Look below for the line holding "2.92mm Female Connector" and the line holding "Product #267 image - Burger with mici". Transcribe exactly those lines and all lines between them, nothing more.

* [Provided records]
..........
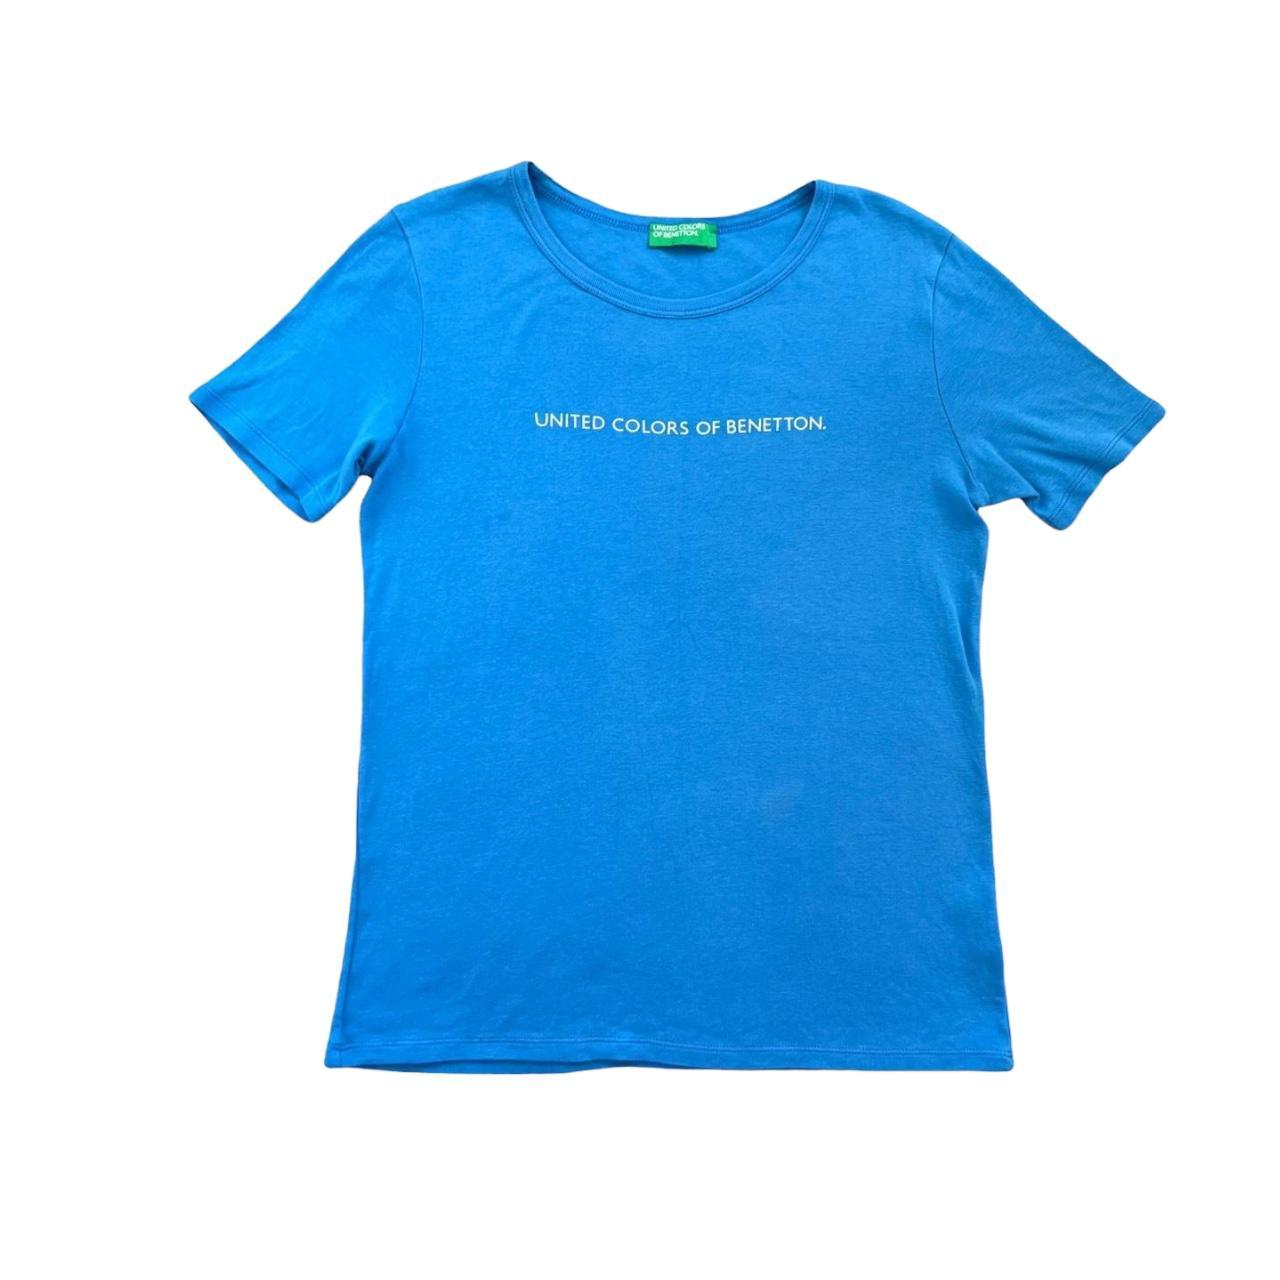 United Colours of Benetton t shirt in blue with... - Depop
..........
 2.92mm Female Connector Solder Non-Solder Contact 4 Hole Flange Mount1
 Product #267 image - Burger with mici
..........
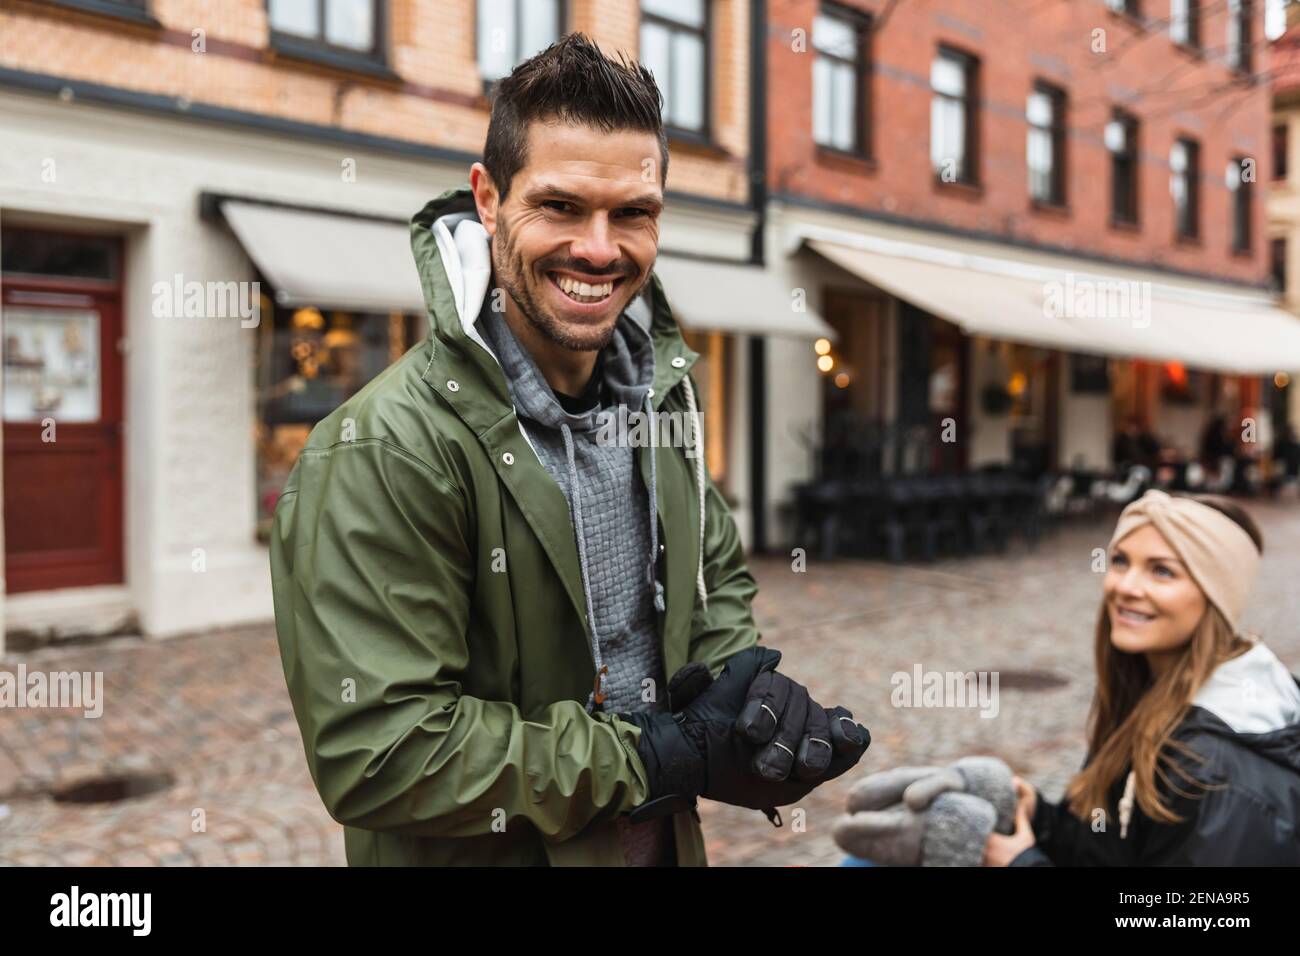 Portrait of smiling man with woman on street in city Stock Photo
..........
* [Solved problem]
 2.92mm Female Connector Solder Non-Solder Contact 4 Hole Flange Mount1
 Product #267 image - Burger with mici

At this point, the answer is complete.